Louisvilleuberguy said:


> What I have found is if your picking up passengers in lower income neighborhoods you run the risk of getting low rating if the person just feels like it. I know I got a 1 star last week because guy put wrong address in and it took me 5 minutes longer to find him since no one would answer the phone. He was late to work anyhow because I had to drive 13 minutes just to get him.
> 
> If you stick to upper income clientele and have a nice vehicle getting good ratings is a snap, Also getting good ratings when people are not in a major rush makes things easier also. And finally drunks don't as a whole know what they yell they are doing when rating most the time and will lower your rating.
> 
> ...


I was a Cleveland driver during the convention and my ratings were up that week.

How did you get to drive for it though if it's not your market?


----------



## KenM66 (Aug 26, 2016)

I had a rating always at the 4.6 threshold in Cleveland for months and nothing happened, so I don't really understand why some drivers immediately are dropped when it is below 4.6. It doesn't seem like there is any rhyme or reason in the policy deactivating a driver over ratings as it's never the same for any two drivers. 

My average was at 4.17 after last week in only 6 rated trips, and now is at 4.52, so I likely at least averaged in the 4.7-4.8 range this week then.


----------



## KenM66 (Aug 26, 2016)

Louisvilleuberguy said:


> . I know I got a 1 star last week because guy put wrong address in and it took me 5 minutes longer to find him since no one would answer the phone. He was late to work anyhow because I had to drive 13 minutes just to get him.


I don't have this problem because I don't go to pick people up other places. I tell them to cancel and they can find a driver closer to them. I don't even understand why people don't check to make sure their address is right before booking.


----------



## KenM66 (Aug 26, 2016)

I guess people's answers were about what I expected. I just was hoping there could be something I could do besides talk about mindless nonsense to get better ratings as I'm not only bad at that, but also find it rather repulsive, but it appears other people won't change no matter how illogical they are, because the job is to get them to their place in a reasonable time, not to talk to them. 

If my rating is above 4.5, that means I have to be getting mostly five star ratings, so not everyone is like that. 

I notice my ratings go down more in times of high depression. There are sometimes where after the next ride is done where I'm considering going to find the nearest Lowe's to get six feet of rope. I was tracked down by the cops once after one Uber ride and taken to the hospital as well over similar stuff.


----------



## Shangsta (Aug 15, 2016)

You could also drive a platform that doesnt judge you based on a rating. You mentioned all you care about is getting people to their destination? Why not be a cab or shuttle driver. 

Clearly you are taking it to heart and you seem like a good person who can do better.


----------



## KenM66 (Aug 26, 2016)

Yellow cab has a horrible reputation around here, and you're required to work shift. I like the flexibility Uber has to offer.
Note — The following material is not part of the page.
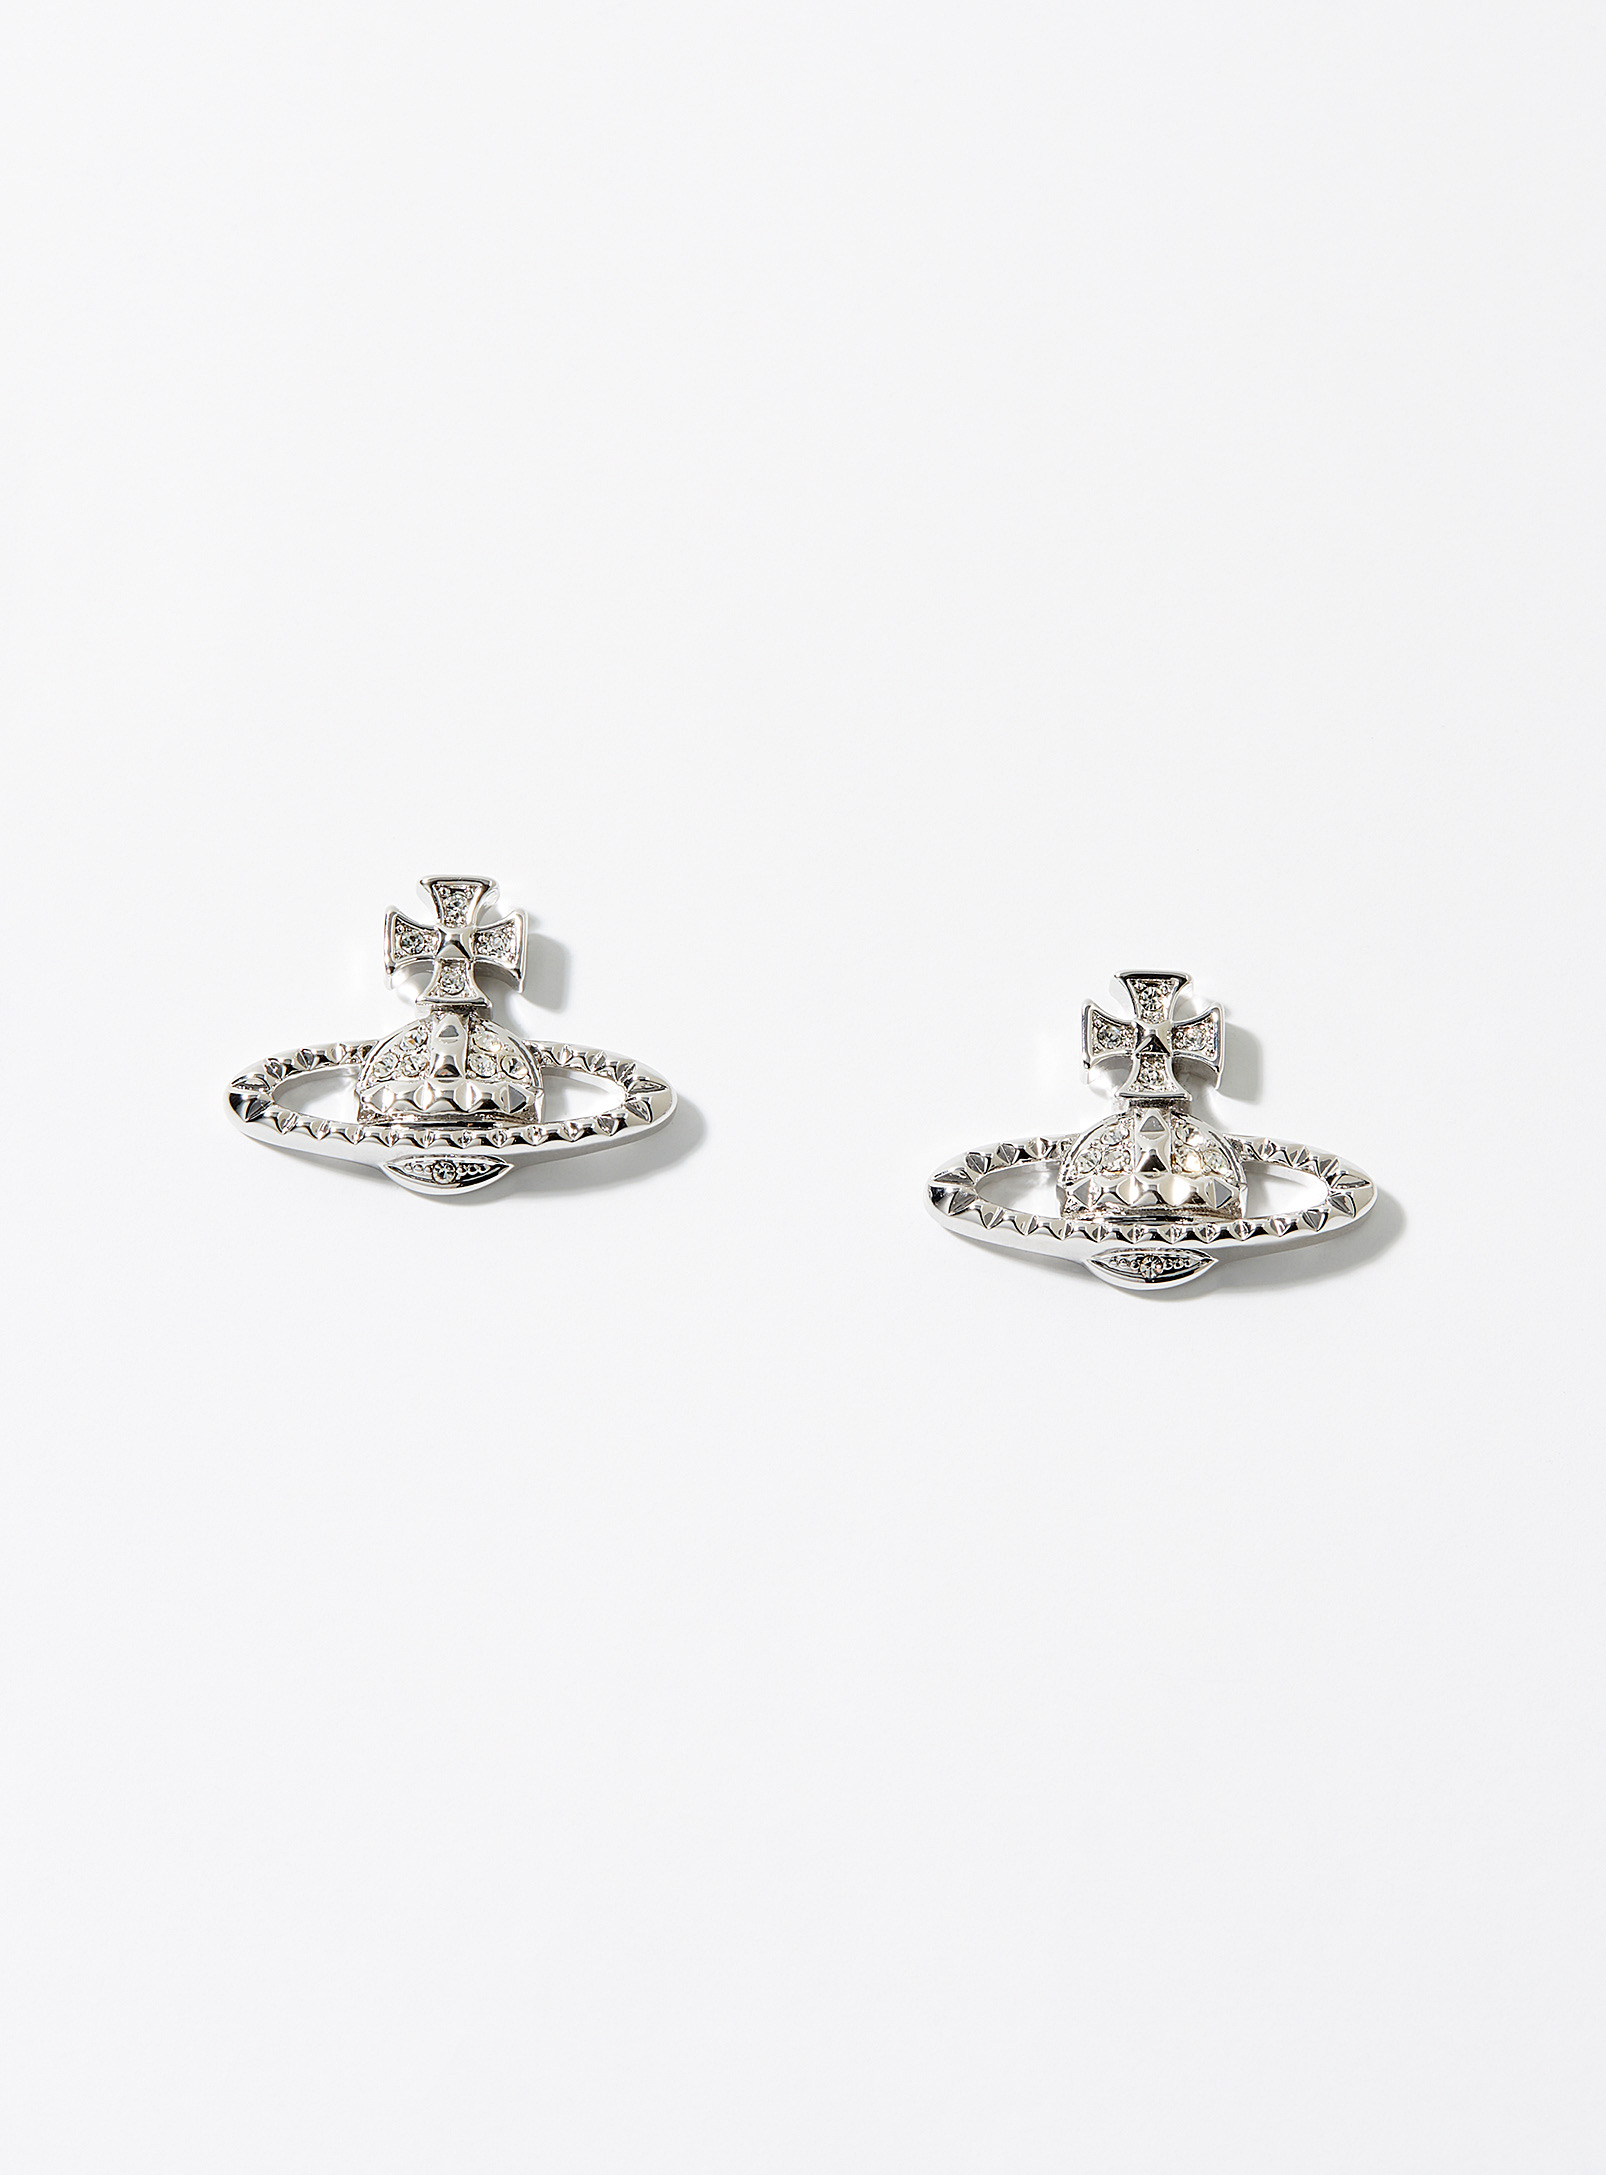 Vivienne Westwood Mayfair Bas Relief Earrings In Silver

I'm just saying that not carrying on a long conversation with people isn't the same as being disrespectful. People are leaving 2 and 3 star ratings and not leaving any issues in the feedback to say why they aren't giving 5 star ratings.


----------



## Tired of this (Apr 10, 2015)

4.17 after 6 trips, likely uneducated pax. Looks like you got five 4-star ratings and one 5-star, which means you did everything right and expected of you.It's just a lot of pax think a 4 is good.
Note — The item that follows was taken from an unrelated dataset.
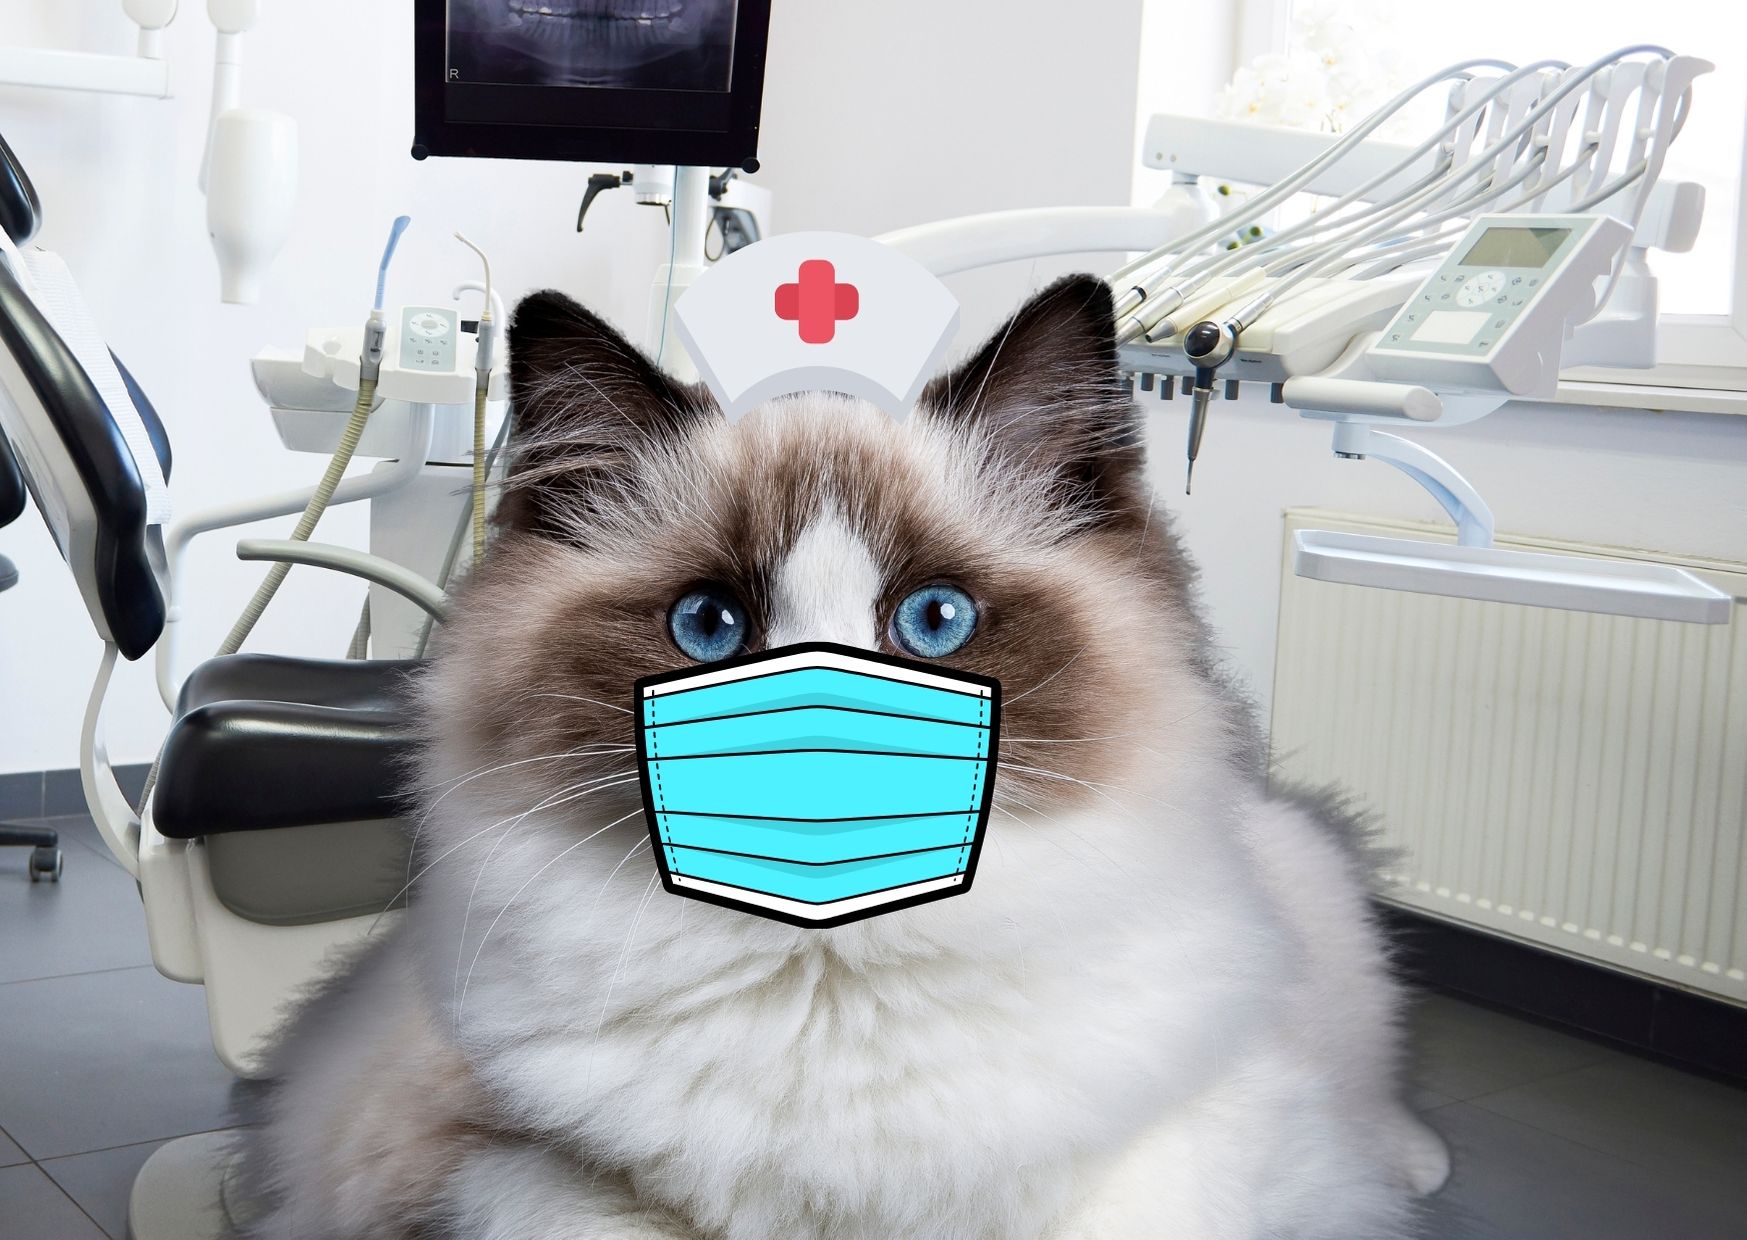 Nurse Kitty said Hi!

Uber suggestions are crap. They are just methods of ass kissing and people pleasing designed to make Uber look good. You are giving pax a ride in your 2014 car for public transportation rates. You should not need to go above and beyond that for ratings. Nobody expects 5-star service from the bus, so

1. Do not move to new location. Pax almost always blames it on you. With these rates, a cancel fee is more lucrative anyway.
2. Do not accept low rated pax. I personally set the bar at 4.5 but if there is a high surge, I am more flexible on this.
3. DO NOT under any circumstances drive pool. You do not want to play the role of service provider, babysitter, and arbitrator, and be judged on how well you are doing all these roles.
4. Avoid the drunks. There is a reason no company allows drunks to do your job evaluation. Uber and Lyft are the sole exceptions.

Ultimately you drive for $$, not ratings, not social approval so don't be so down on yourself when you get a bad rating. Ratings don't mean crap til you are in the danger zone and when you are, just use the friend technique.


----------



## KenM66 (Aug 26, 2016)

I actually had a 5 star rating out of the first 4, so I think I got a 3 and 2 or 4 and 1 on the last 2. 

I don't see how you can avoid picking up drunk people as that's why uber exists mainly. 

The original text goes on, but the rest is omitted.